▶ [TASK DETAILS] Return each line below exactly as it reads, and omit any image in it.

[[ RECORDED INFORMATION open ]]

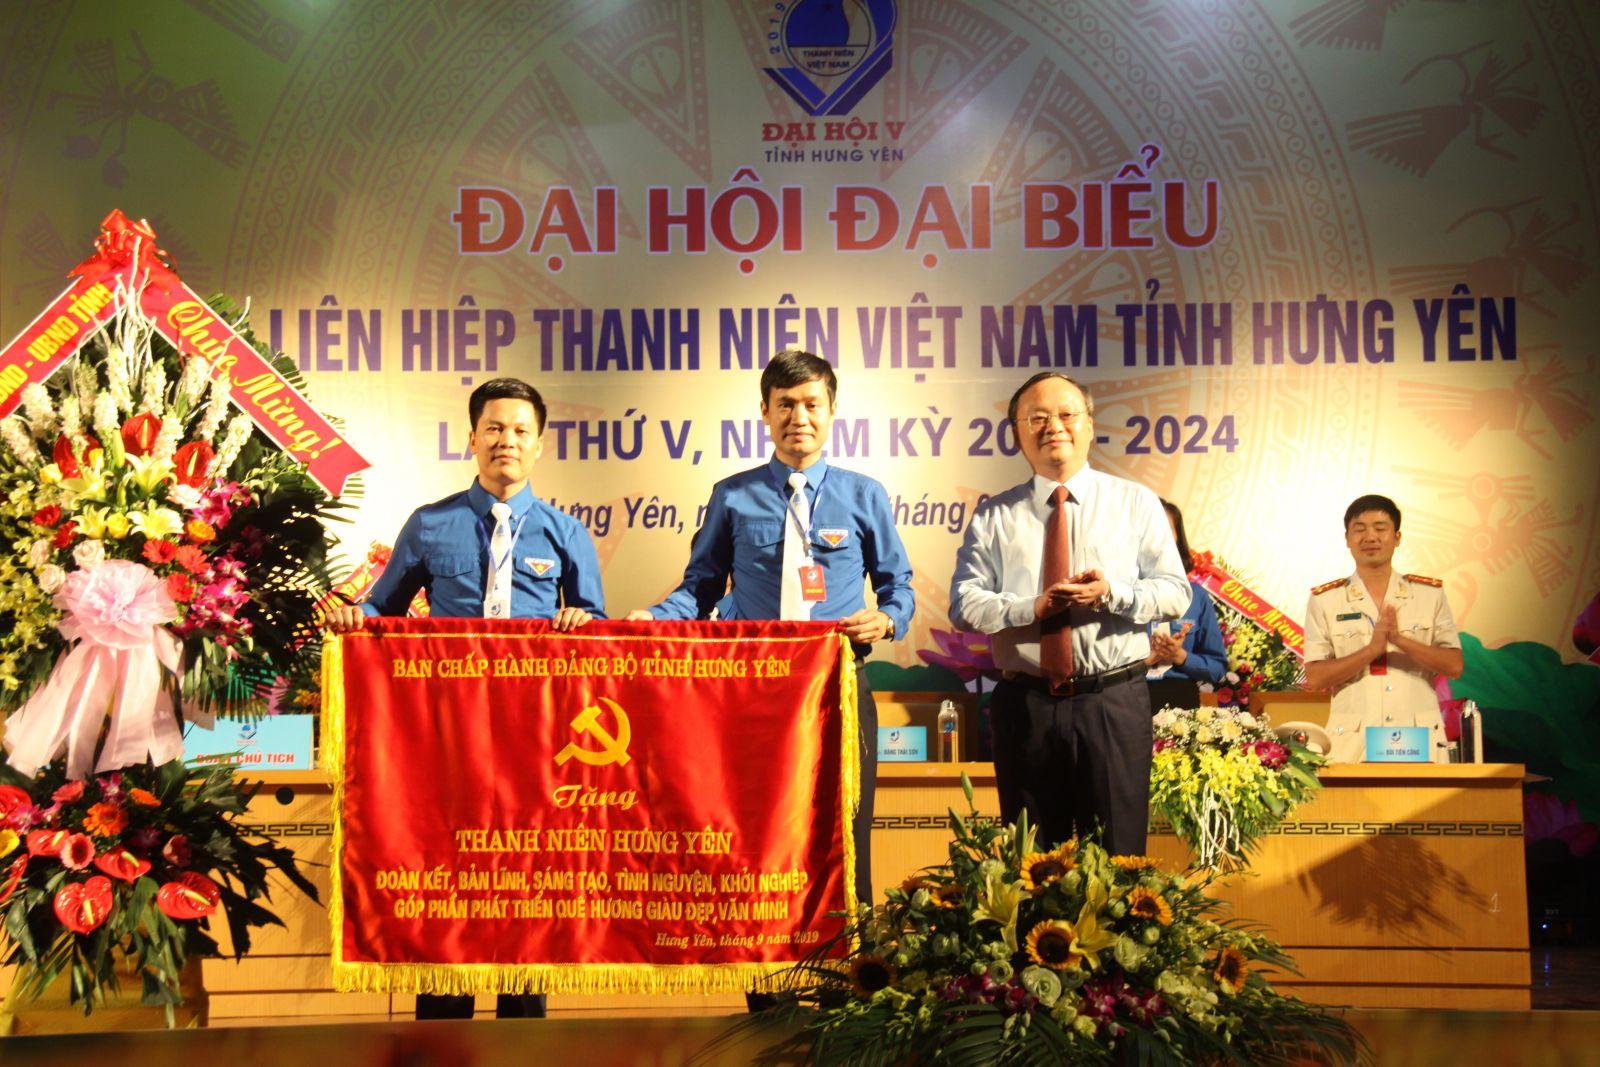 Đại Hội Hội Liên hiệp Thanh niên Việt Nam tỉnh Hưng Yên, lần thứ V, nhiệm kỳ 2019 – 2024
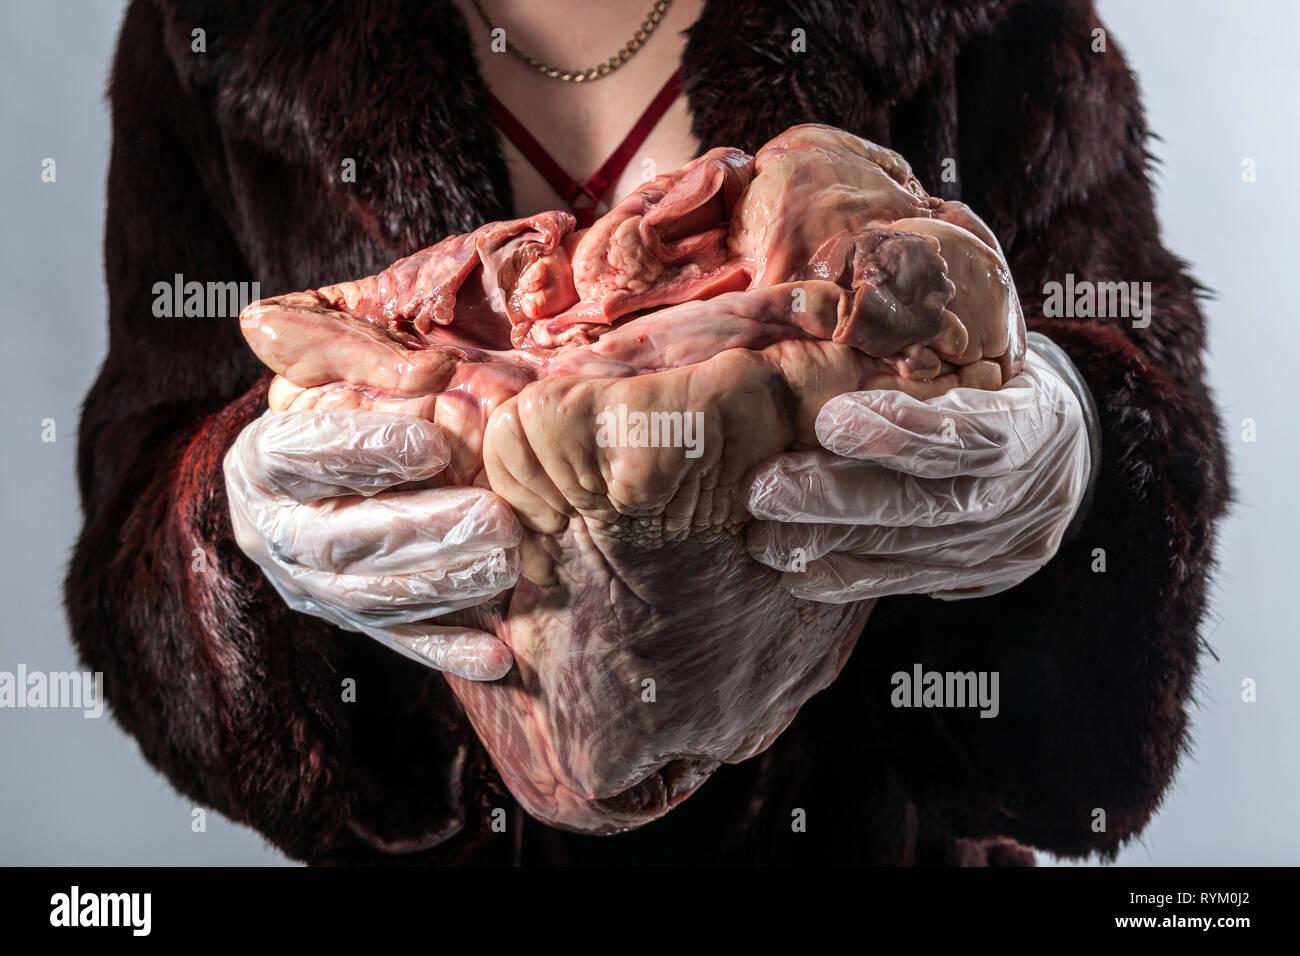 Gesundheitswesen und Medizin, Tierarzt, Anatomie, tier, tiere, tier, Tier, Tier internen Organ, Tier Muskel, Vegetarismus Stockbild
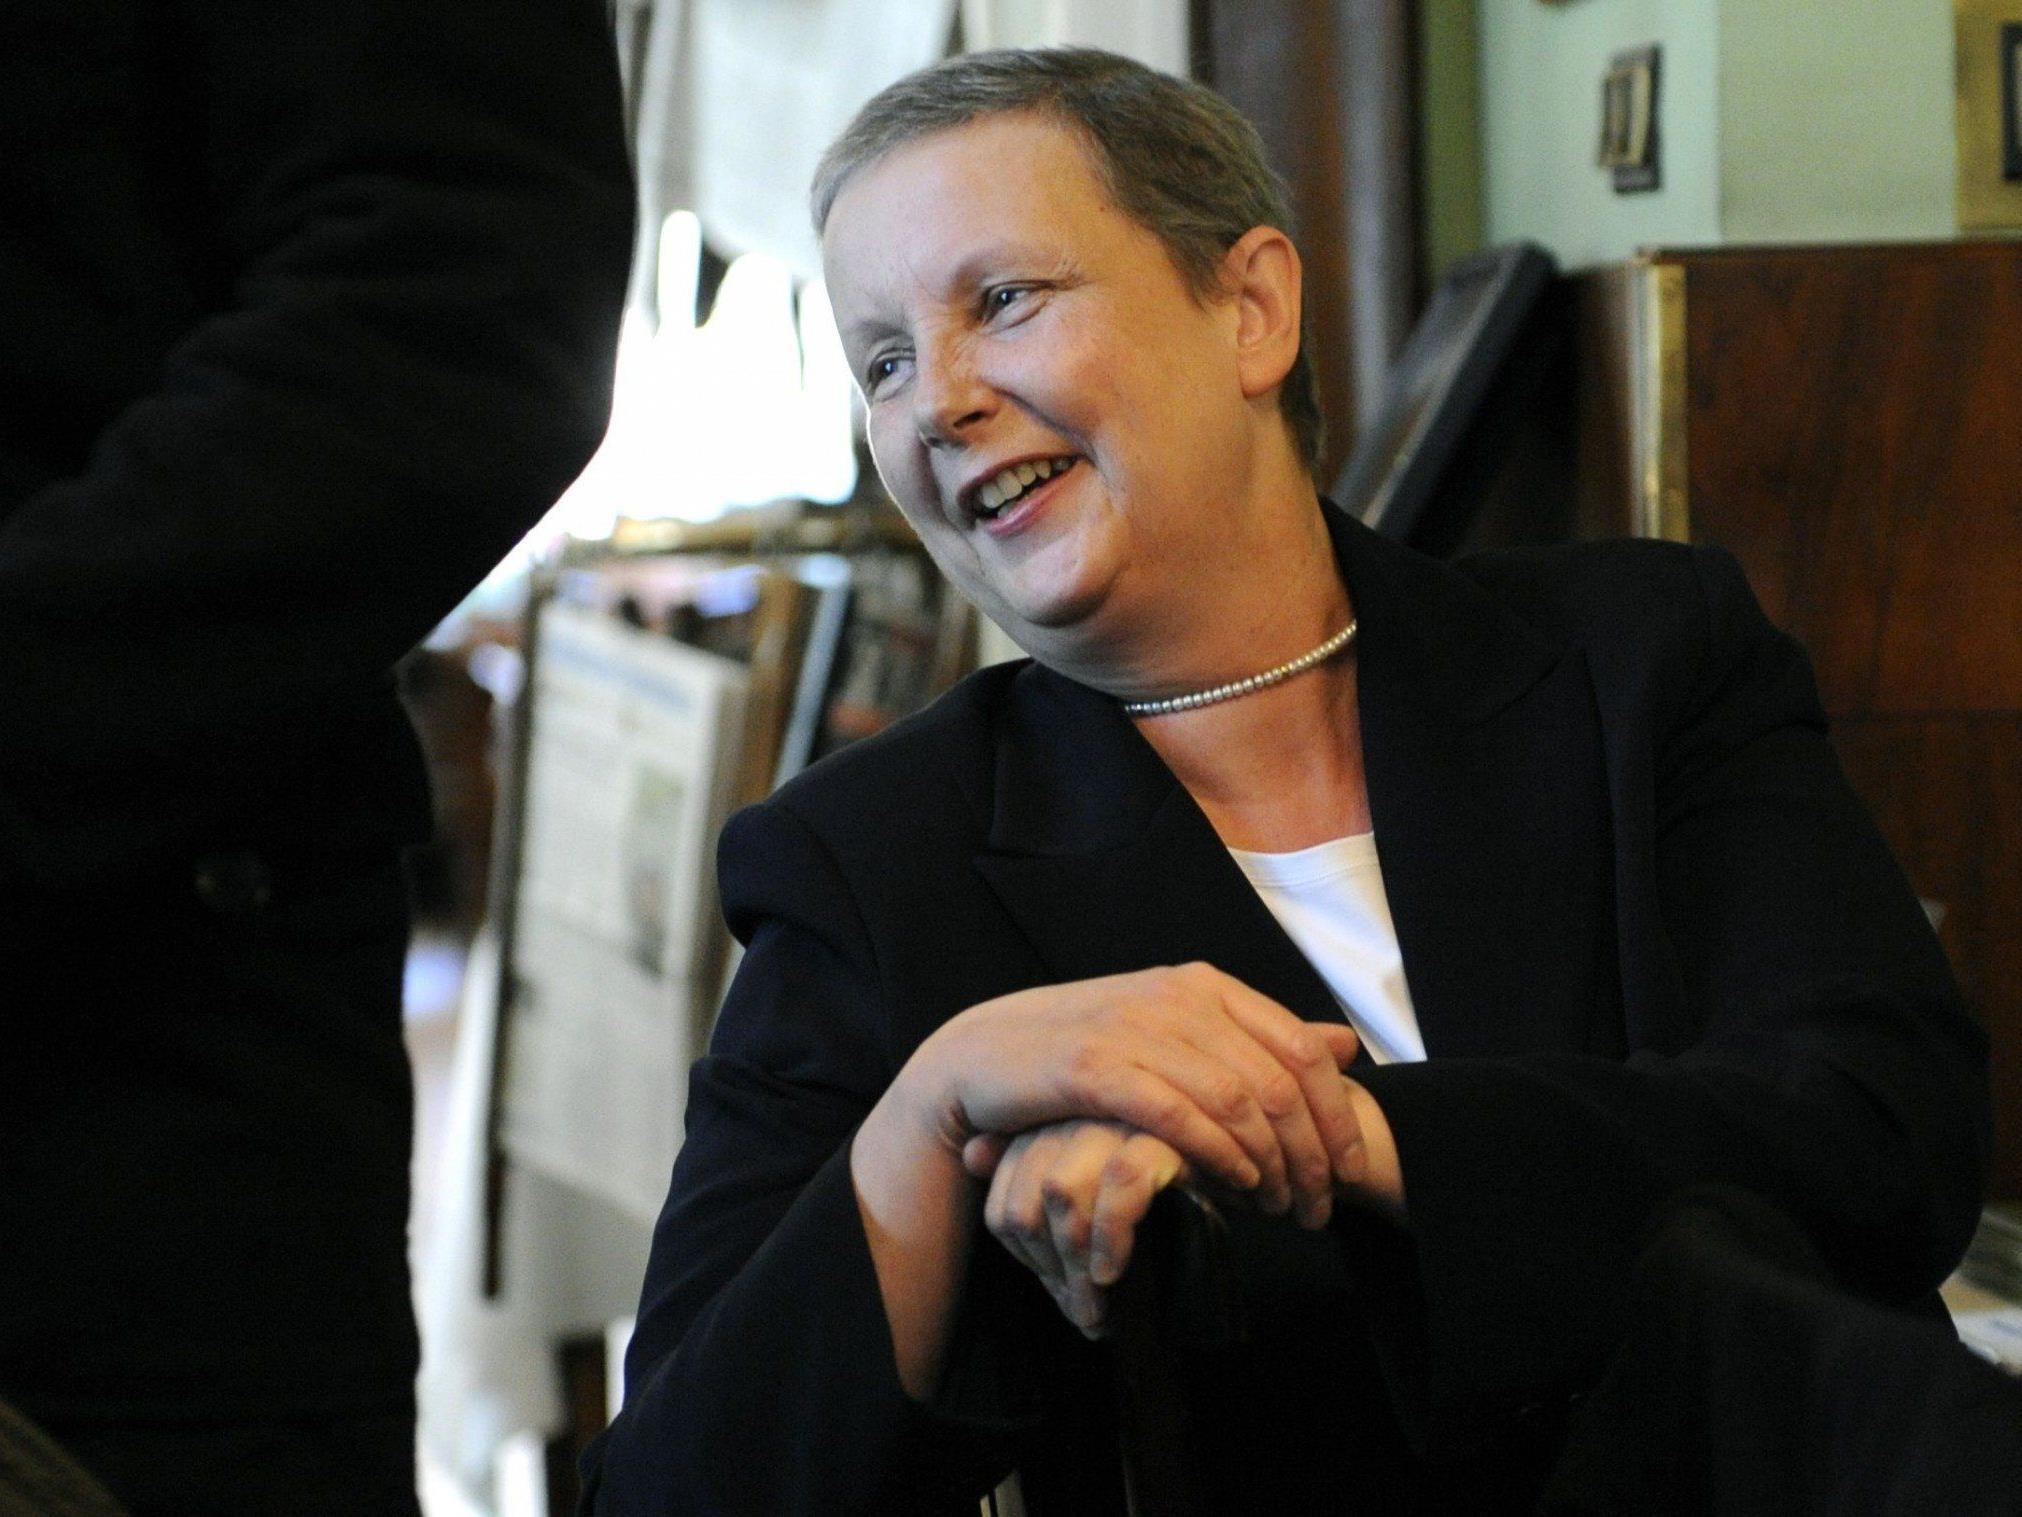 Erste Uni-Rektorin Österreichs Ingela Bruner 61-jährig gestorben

[[ RECORDED INFORMATION closed ]]

▶ [RESPONSE TO THIS TASK]
 Đại Hội Hội Liên hiệp Thanh niên Việt Nam tỉnh Hưng Yên, lần thứ V, nhiệm kỳ 2019 – 2024
 Gesundheitswesen und Medizin, Tierarzt, Anatomie, tier, tiere, tier, Tier, Tier internen Organ, Tier Muskel, Vegetarismus Stockbild
 Erste Uni-Rektorin Österreichs Ingela Bruner 61-jährig gestorben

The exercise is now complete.